Imagine sitting down in a blissfully quiet house (nap time quiet) with a glass of Riesling, a laptop that your 14 year old is not (currently) using for video games since he is not yet home, and a baby monitor that is not lit up!
Despite all of that…
I am disappointed that my glass of wine is so quickly finished; I can only safely consume one since I am still breastfeeding.
I am disappointed that I just judged my mother for getting teary over the phone while describing a movie documenting a miraculous healing of a little girl thanks to God.
And then, something shifts. All of a sudden, I am not disappointed but instead grateful when I see how utterly stupid my disappointments are.
Yeah, having only one glass of Riesling is a bummer. I used to be able to down at least two before having to take a breather. Ya’ know what though? The reason I can only have one is because I am still a breastfeeding mama. Little Man turned one year old on Sunday and I am still going strong…despite breasts that are so much smaller than the initial, post-birth fullness. And really, I shouldn’t be a gluttonous baboon anyways. If I have two glasses I will, no doubt, say immature things and regret them later.
Judging my mother is pretty crummy. I can be disappointed in myself for a few more minutes on that point. I can also still be disappointed in myself for saying “Oh G_d” to myself because that is just plain disrespectful, especially because the thing she was describing involved a miraculous healing by God!
*Maybe one minute goes by, during which I open a can of ginger ale and pour it into said empty wine glass.*
*Okay, a few minutes now. I texted other mamas about Mickey Mouse ‘Thank You’ postcards, when the appropriate time to switch to one nap is, and my desire for our children to be older so we can sit around a kitchen table, drink wine, and kabitz.*
So at this point, I am no longer disappointed in myself for judging Mum. It was a momentary lapse in judgement. It is no shock that I am a sinner. I always have been, and each day is just a journey in striving to imitate a Man who is so beautifully perfect that He somehow forgives me for the ridiculous things that I do.
Perhaps it is in that vein of gratefulness that I can transition into the real topic of this utter rambling session.
The title of this might be Stupid Disappointments, but that is only because I added in the word ‘stupid’ after I reread my first two disappointments.
Real Topic – Gratefulness.
I am grateful that I was able to have such an absolutely beautiful son. Today before I put him down for his afternoon nap he was being so silly. I was holding him after nursing him and he was just laughing as I put my head up to his. He was cooing and giggling and touching my face in the most endearing ways.

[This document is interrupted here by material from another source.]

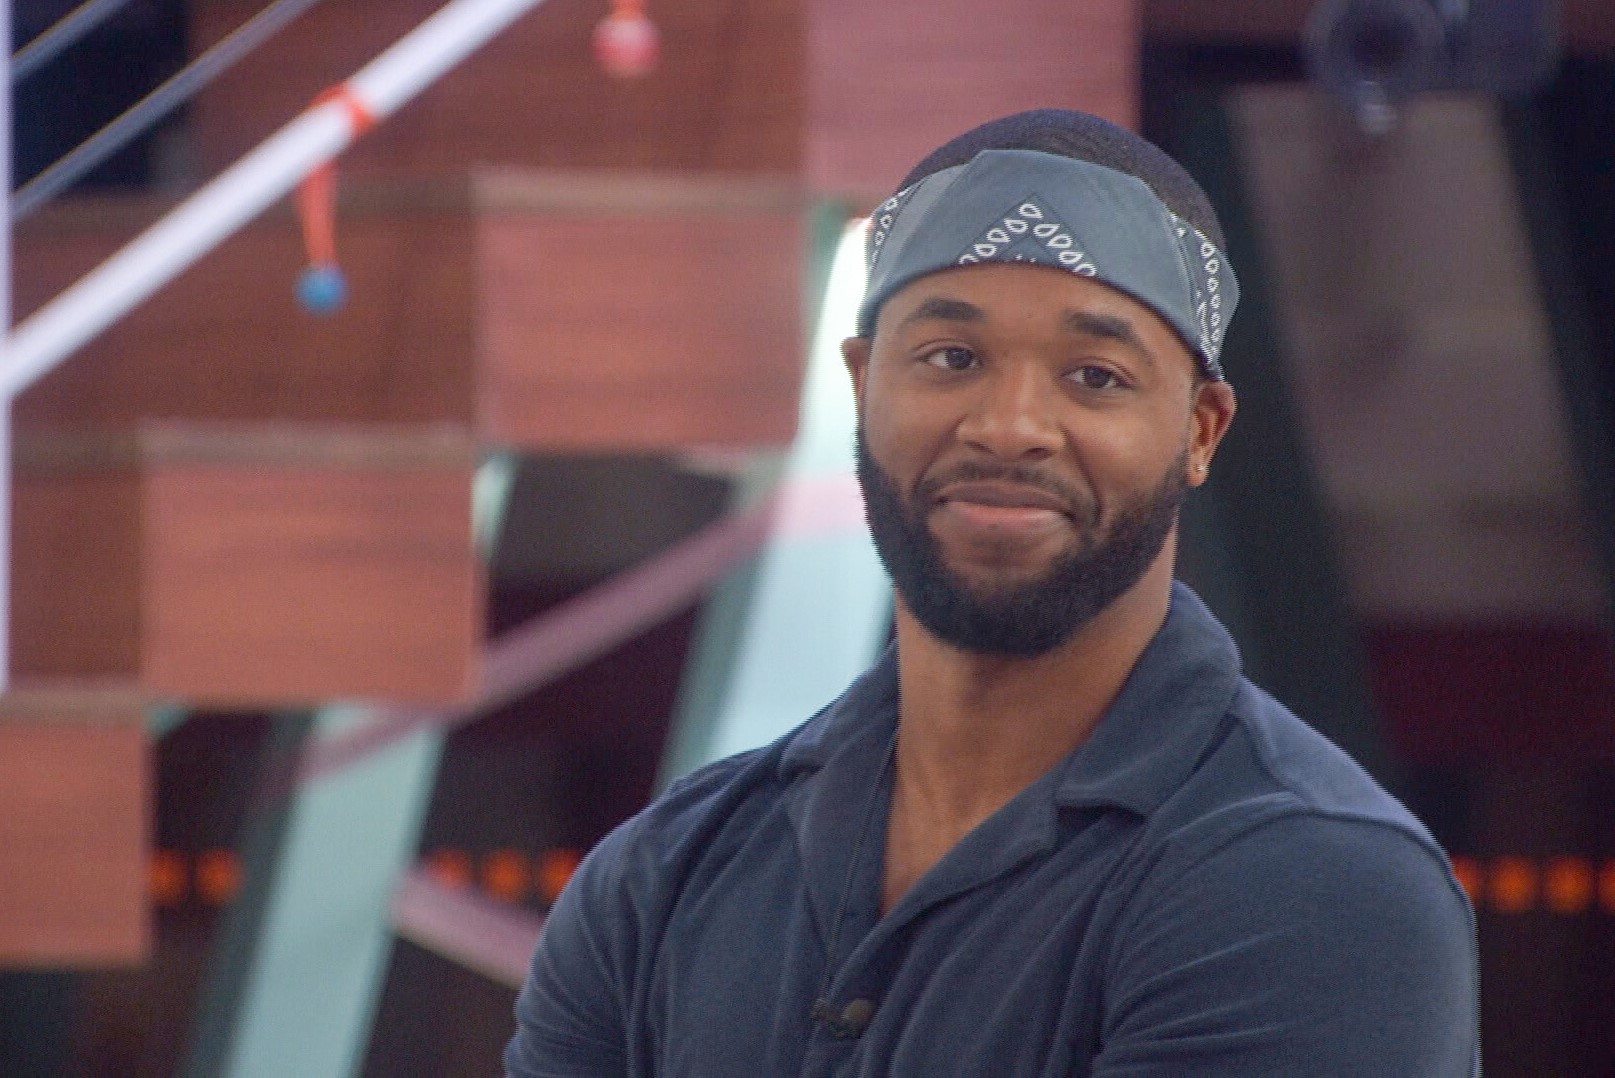 Monte Taylor, who cast the sole vote to evict in 'Big Brother 24' Episode 33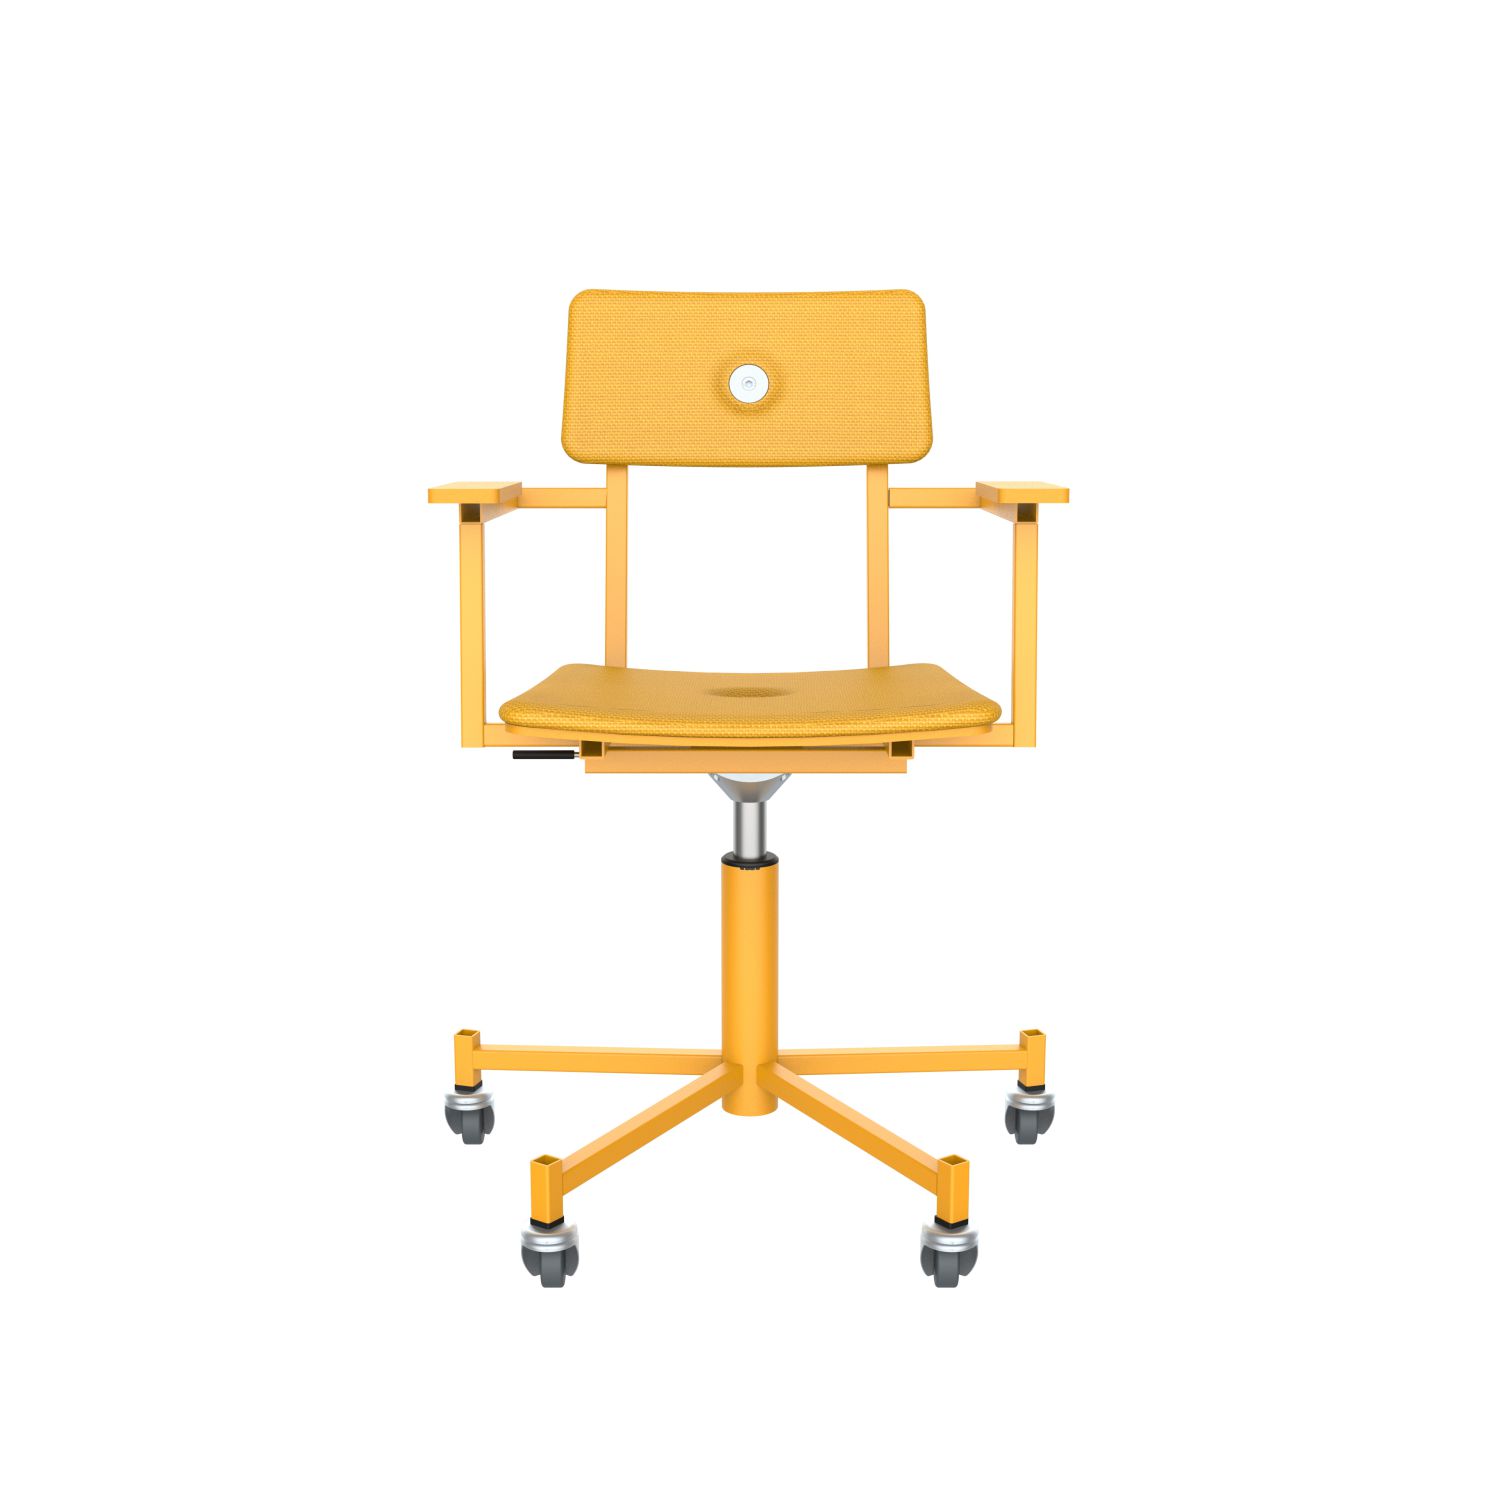 lensvelt piet hein eek mitw upholstered office chair with armrests lemon yellow 051 signal yellow ral1003 with wheels

I am grateful that I have been able to breastfeed him for so long. My initial goal was to make it to a year, and now that a year is here I am not sure how to stop…what a predicament to be in, right?
I am grateful to be a stay at home mom and spend so much time with him. Despite the crazy moments that entails, I am GRATEFUL!
So despite the sadness of an empty wine glass, and that word has a different connotation associated to it in this instance, it can be a moment of thoughtfulness. As a result of that thoughtfulness I am also grateful for yummy wine that I can consume in moderation, but maybe more so for the moment that it represents. A glass of wine means a moment of stillness. One doesn’t drink wine in quick bursts, at least not post-college, but in slow, deliberate sips. Some days don’t involve a lot of stillness, but today did.
Instead of folding laundry, I poured a glass of wine, read articles about breastfeeding and ovulation, and texted other mama friends. Instead of doing chores, I took the time that I haven’t taken IN MONTHS to sit down and write about things that matter to me.
Yes. The stillness of a glass of wine represents so much more than a drink. It represents a moment taken for myself, and according to many other authors, that is just what being a good mama requires.
Perhaps it is because of this still moment that I can try to understand why I judged my own mother in a moment where she herself let go of the rigid countenance that so many of us try to maintain throughout the day. She was calling to ask about the health of my pastor, and then that transitioned into her talking about this obviously memorable film she has seen. Instead of hear her tears as a sign of the film’s impact on her, I saw it as weakness. Is it called ‘projecting’ when we judge others for something that we ourselves are doing? Maybe that is why I judged Mum. How many times, just this week, have I seen myself as weak?
I was momentarily DISAPPOINTED in my day until I saw how silly my disappointments were, and instead of see the positive my brain switched to the negative.
Thank God I could catch myself in that moment of selfish judgement and transform it into a grateful heart. Now, as I search for the right words to express myself, I am on the verge of feeling teary. Ha. It is a good job that I got over my mistaken judgement earlier, or I could add being a hypocrite to the list too!
Maybe, just maybe, the ‘stupid disappointments’ are the best kind to have.
If I can see a ‘stupid disappointment’ then it is not so hard to turn it into a blessing to be grateful for, right?
Moral of the story: Drink a glass of wine, but just one. Call your mother and tell her you love her. Then sit down, take a few deep breaths, and tell yourself that you are worthy of love, forgiveness, and so much more.